Juste un prénom @cactus
Juste un prénom

Aomine devait l'avouer, il avait horreur de son boulot.

En tant qu'étudiant fauché, il avait postulé absolument partout, espérant se faire employer vite et se fichant de l'endroit où il terminerait. Il avait tout fait : restaurants, magasins, chantiers, hôtels, annonces louches dans les journaux... Tout ! Il avait mis du temps à trouver quelque chose et plus les jours passaient, plus il désespérait et plus il était prêt à accepter la première offre qu'on lui proposait.

Ce qu'il avait fini par faire, se retrouvant à travailler pour un fleuriste alors qu'il n'y connaissait absolument rien en fleurs.

Mais pas de panique, il était littéralement l'homme le plus doué sur cette pauvre planète pourrissante, rien ni personne ne l'empêcherait de travailler convenablement et de recevoir un magnifique chèque à la fin du mois (et avec une prime, très probablement, parce qu'il n'y avait pas plus charmant que lui). Du moins c'était ce qu'il s'était dit, jusqu'à ce qu'il rencontre l'autre employé à mi-temps.

Sakurai Ryou, étudiant tout comme lui, était le genre de personne dont il avait horreur. Toujours à s'excuser, il se laissait marcher sur les pieds par tout le monde et Aomine aurait probablement fait de même si son salaire n'était pas en jeu. Il semblait avoir peur de tout et n'importe quoi et pendant de longues semaines le brun avait littéralement refusé de le regarder et parfois même de travailler dans la même pièce que lui. Ce qui était compliqué étant donné qu'il y avait deux pièces dans ce magasin...

Il avait fallu des semaines avant que Sakurai ne s'habitue à sa présence et accepte de lui parler, ne serait-ce que pour le saluer lorsqu'il arrivait. Finalement, le brun n'était pas si énervant que ça, contrairement à son entourage qui trouvait Aomine plus qu'insupportable et n'hésitait pas à lui dire, le brun semblait l'apprécier et... c'était un sentiment étrange.

Quelqu'un l'appréciait, lui. Avec son caractère de merde et ses répliques acerbes.

Kuroko avait sous-entendu que son collègue était masochiste, mais Aomine savait que Sakurai l'appréciait à sa juste valeur.

A partir de ce moment, le brun et lui commencèrent à se rapprocher et à discuter plus souvent. Ils s'échangèrent leurs numéros et se rencontrèrent en dehors du travail, à la fac, pendant les week-ends. Kuroko le taquinait toujours autant, lui demandant lorsqu'il allait enfin prendre son courage à deux mains pour demander à Sakurai de sortir avec lui. Ce sale type se vengeait parce qu'il s'était moqué de Kagami et lui pendant des mois...

« Tu l'appelles déjà par son prénom, pas vrai, Aomine-kun ? Quelle différence si vous sortez ensemble ou non ? Je suis certain que tu aimerais qu'il t'appelle aussi par ton prénom. »

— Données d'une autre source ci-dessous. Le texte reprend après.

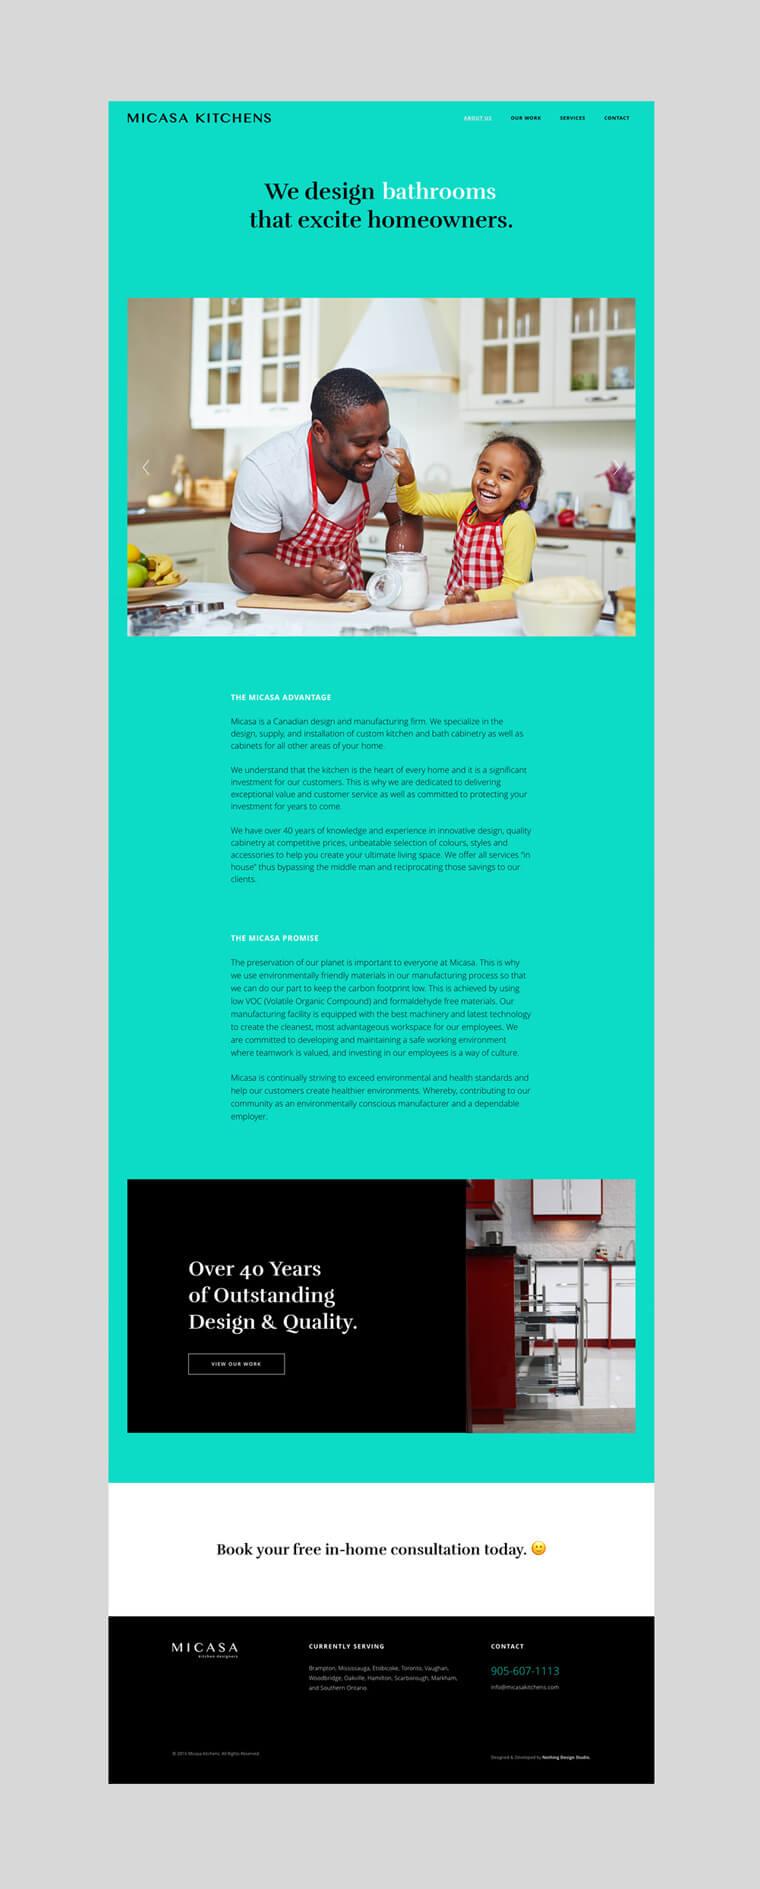 Micasa-website-2

Et... Il n'y avait pas pensé jusqu'à ce jour... Mais Kuroko avait complètement raison. Il avait toujours utilisé le prénom de Sakurai, c'était plus naturel, plus simple, mais le brun l'appelait toujours par son nom de famille. Il lui avait alors dit plusieurs fois de ne plus être aussi formel avec lui, mais Sakurai ne cessait de lui répéter qu'il ne se permettrait jamais. Ce qui était complètement con parce que lui le permettait ! Qu'est-ce qu'il lui fallait de plus ?!

Aomine soupira en réfléchissant encore et encore à une façon pour que Sakurai dise son prénom. Maintenant que Kuroko avait planté cette graine dans son esprit, il ne cessait d'y penser... Il était sûr qu'il l'avait fait exprès, tout pour lui faire chier, même quand il n'était pas avec lui...

Aomine regarda sans vraiment le voir le cactus devant lequel il était accroupi et dont il était censé s'occuper. Il était probablement en train de trop l'arroser, mais ce truc était énorme, il n'allait pas crever pour trois gouttes de trop. Il tourna la tête en entendant la porte du magasin s'ouvrir et salua d'un signe de main Sakurai qui lui sourit.

Ah, c'était une vision si agréable... Lui qui refusait de lui parler quelques semaines plus tôt semblait désormais heureux de le voir.

« Bonjour, Daiki-san. »

Aomine eut à peine le temps d'enregistrer les joues rouges du brun (qui avait probablement dû rassembler tout son courage pour enfin prononcer ces mots) qu'il perdit l'équilibre et bascula en avant, sous le regard surpris de Sakurai.

Il tombe en plein sur le cactus et se souvint de ce jour toute sa vie. Le jour où il s'était mangé un cactus et où il avait enfin commencé à sortir officiellement avec Sakurai.